Não se sente atraído pela confeção?

Não é que nunca tenha pensado, mas não fiz nem quero fazer. Acho que, por uma questão de princípio, não o devo fazer. Especializámo-nos em malha: compramos o fio, fazemos a malha. Se as nossas empresas forem boas a fazer a malha, temos um negócio interessante. 

Perfil

Aos 52 anos, Afonso Barbosa lidera um grupo que agrega três empresas que em conjunto já atingiram, em termos de faturação, a fasquia dos 50 milhões de euros. Admite que este ano não será por certo de crescimento – face à redução das encomendas – mas não é por isso que conta deixar de investir. Antes pelo contrário.

As perguntas de
Ana Lúcia Araújo
Responsável de Marketing

Quais são as políticas no âmbito da responsabilidade social? 

A Familitex preocupa-se cada vez mais em proporcionar bons momentos em equipa. Para isso, realiza três eventos por ano totalmente dedicados aos funcionários e ao convívio. Sentimos que é um investimento com retorno, para uma equipa mais unida e eficiente.

Numa outra política, temos vigente no fim de cada ano, a atribuição de prémios de desempenho, o sucesso da empresa é também o sucesso dos colaboradores. Efetivamente, está pendente da performance e rentabilidade do ano. 

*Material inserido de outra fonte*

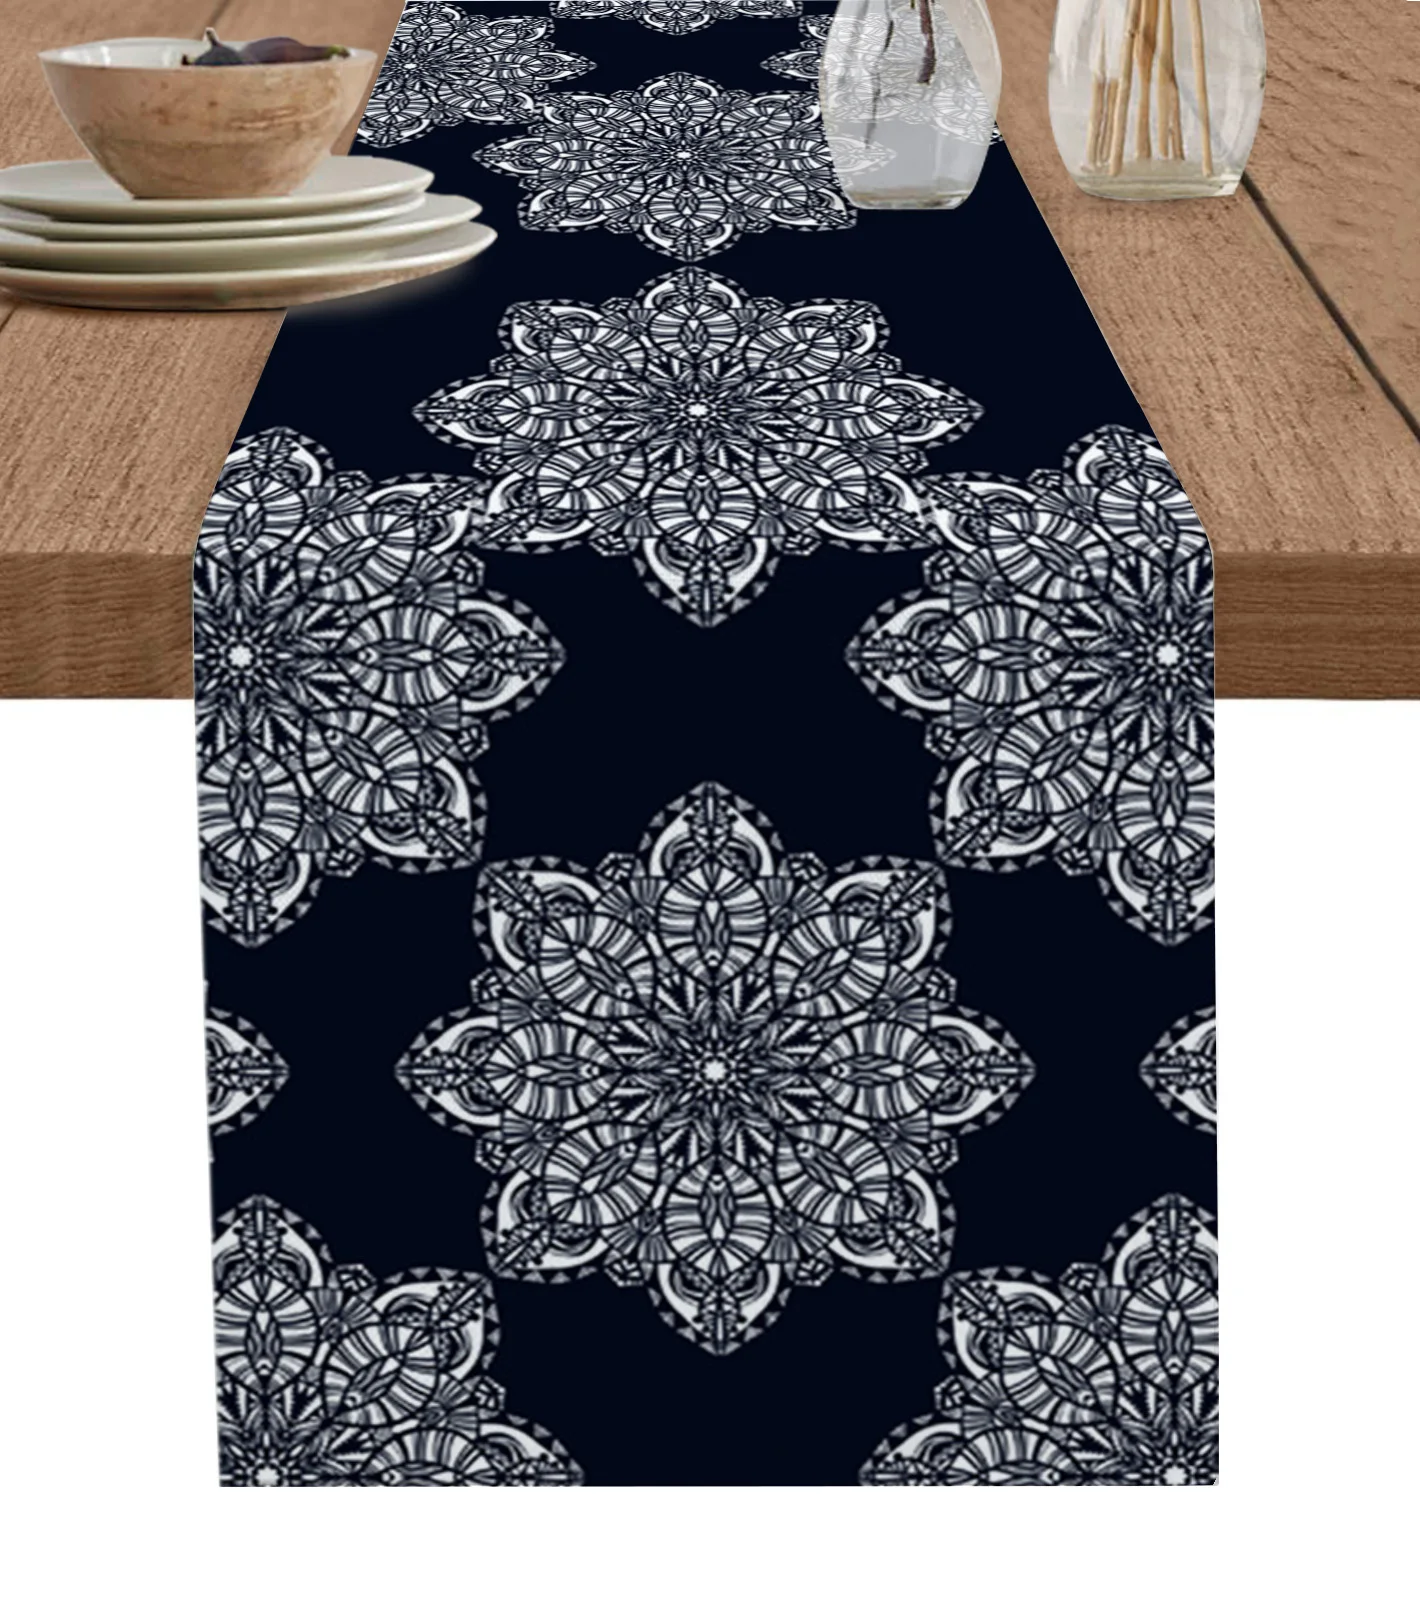 

Mandala Abstract Flower Table Runner Christmas Decoration Tablecloth Wedding Party Decor Table Cover

Além destas políticas, como temos consciência das adversidades nos tempos que vivemos e dos efeitos pós-covid, contratamos uma psicóloga para dar apoio gratuitamente a qualquer colaborador. 

 

Como vê a Familitex daqui a 10 anos?

Pessoalmente, pretendo estar mais afastado da azáfama que é o mundo empresarial. Relativamente ao grupo, prevejo que se mantenha forte, com o aumento da representatividade da exportação direta. Com um sistema cada vez mais amigo do ambiente, que prima pela elevada qualidade de produto e serviço.  Em termos de recursos humanos, espero no futuro ser possível assegurar mais condições aos nossos trabalhadores, tanto nas infraestruturas, como na política remuneratória.

Ana Loureiro
Responsável da Exportação

A Familitex integra uma equipa jovem e dinâmica, sente que a nova geração tem nas suas mãos capacidade para crescer ainda mais o projeto?

– Sim, a aposta nos jovens é um princípio fundamental para que o mercado permaneça em crescimento. A Familitex é a primeira casa para muitos jovens, integramos na nossa equipa e garantimos toda a formação necessária, de modo a tornarem-se profissionais exímios na área. Além da formação contínua, estamos cada vez mais a recrutar colaboradores com licenciaturas e mestrados, de forma a fortalecer os nossos conhecimentos. 

 

No ano de 2022 qual o projeto que destaca?

– Considero que o projeto da Smartex é um projeto de grande aposta na Familitex, transversal nos últimos anos até ao presente. Com cada vez mais consciência num sistema sustentável, a Smartex permite a deteção de defeitos, ainda durante o processo produtivo, permitindo a redução de desperdício de produto e dos custos associados.